Mientras exista el terrorismo no se dan las condiciones de libertad y sosiego requeridas para replantear el marco jurídico de nuestra autonomía. No soy de los que invocan el diálogo hasta el amanecer como una receta mágica. El diálogo exige condiciones y reglas que tienen que estar bien claras. Pero los demócratas tenemos la obligación de desmontar las considerables dosis de tensión y crispación sobreañadidas a la sociedad vasca a las que, de por sí, ya introduce el terrorismo etarra.

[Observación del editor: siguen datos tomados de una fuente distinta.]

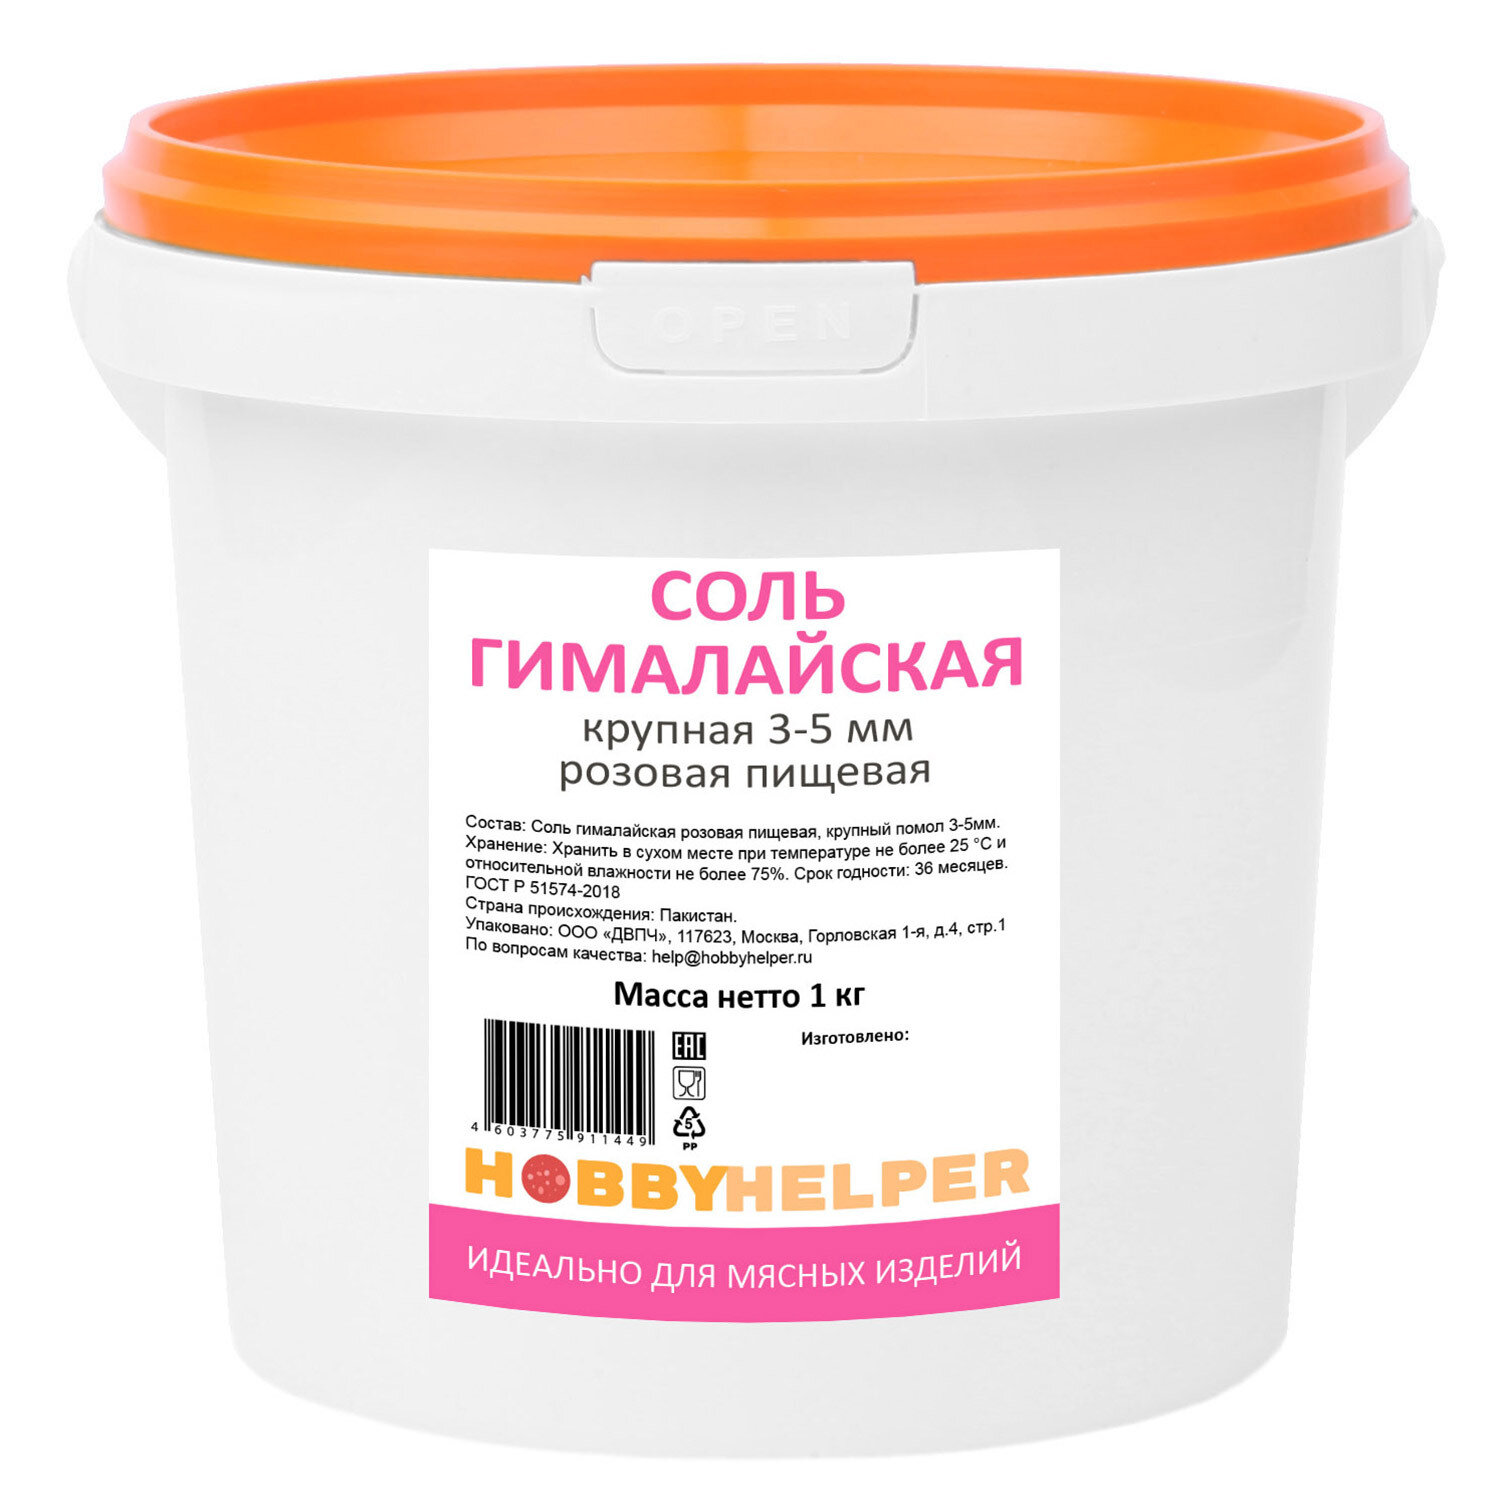 Соль гималайская розовая № 1 (крупная 3-5 мм) HOBBYHELPER в ведре (1кг)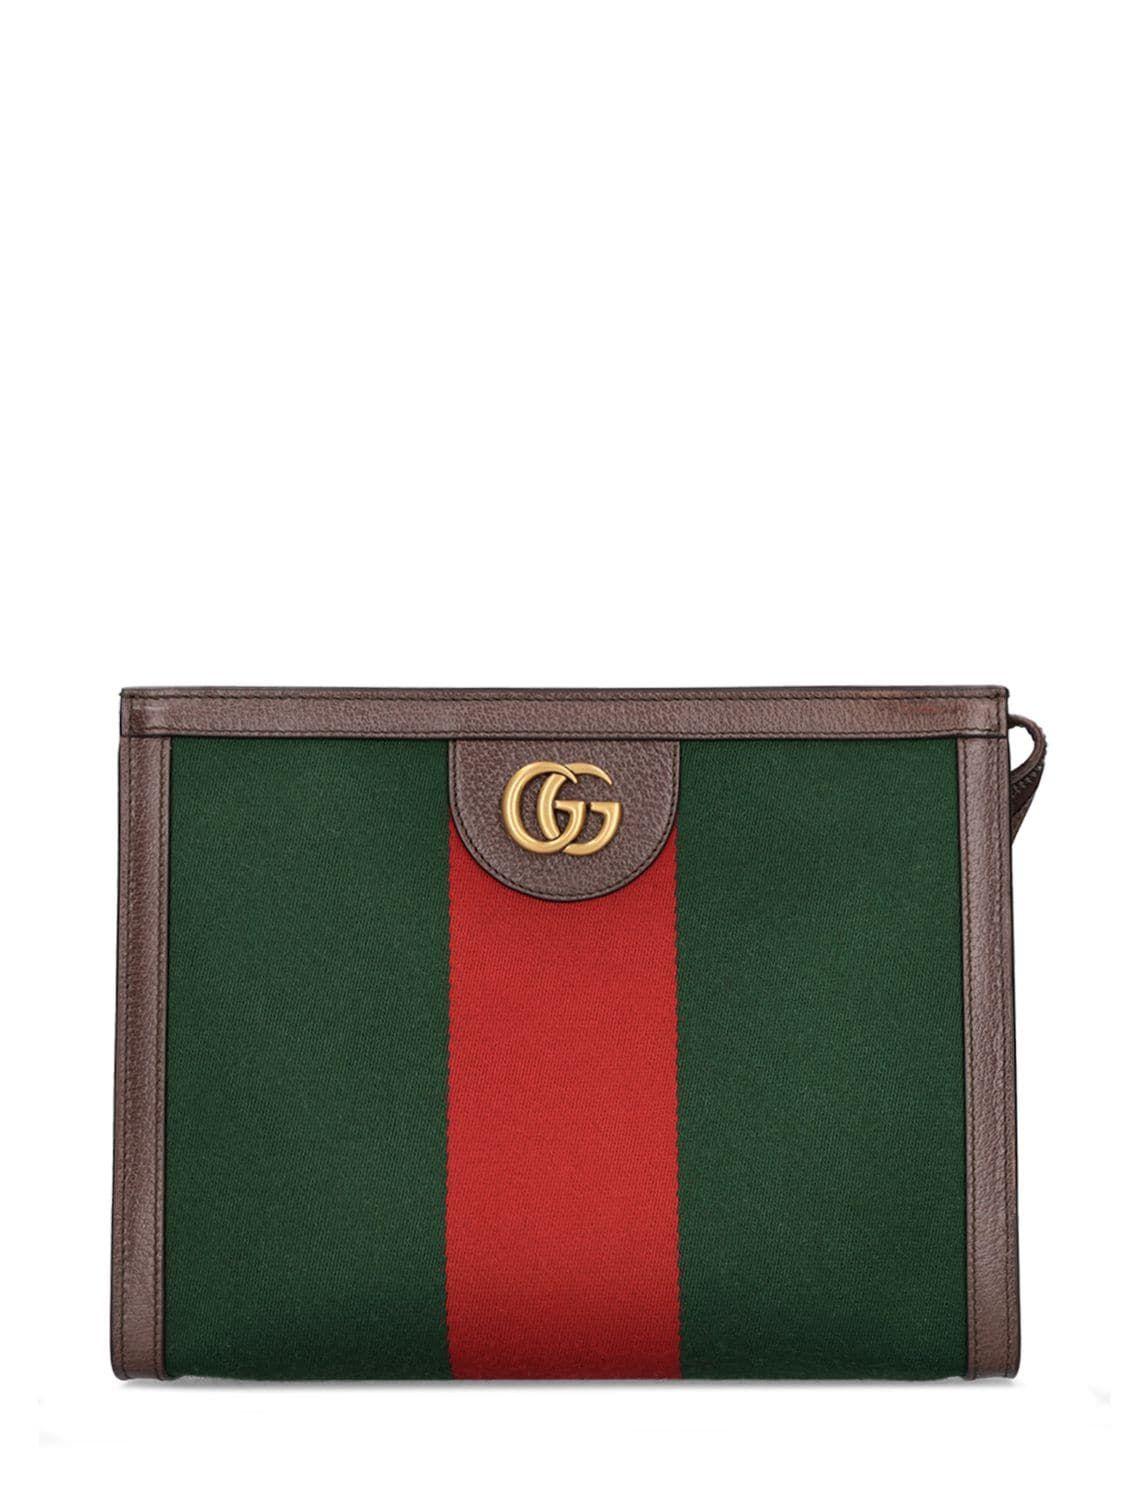 Gucci Web GG Supreme Messenger Bag in Green for Men

Estas líneas escritas con prisa, con dolor e indignación, quieren, ante todo, transmitir solidaridad con las dos víctimas mortales, con los heridos y con sus familias, y con sus compañeros del Cuerpo Nacional de Policía. Las palabras valen poco en momentos tan límites, pero se las decimos con todo el corazón y son el vehículo de nuestra presencia y cercanía. Que sepan sus allegados que su dolor es el nuestro, que jamás olvidaremos esta villanía, que en sus seres queridos nos han atacado a todos los que no queremos ceder al chantaje de los terroristas y defendemos nuestra democracia. La solidaridad con las víctimas es un compromiso redoblado para que su memoria no sea olvidada y el futuro no responda al que sus verdugos quieren imponernos a todos extendiendo el terror. Las víctimas son un clamor por la libertad y por el respeto a la vida de todas y cada una de las personas.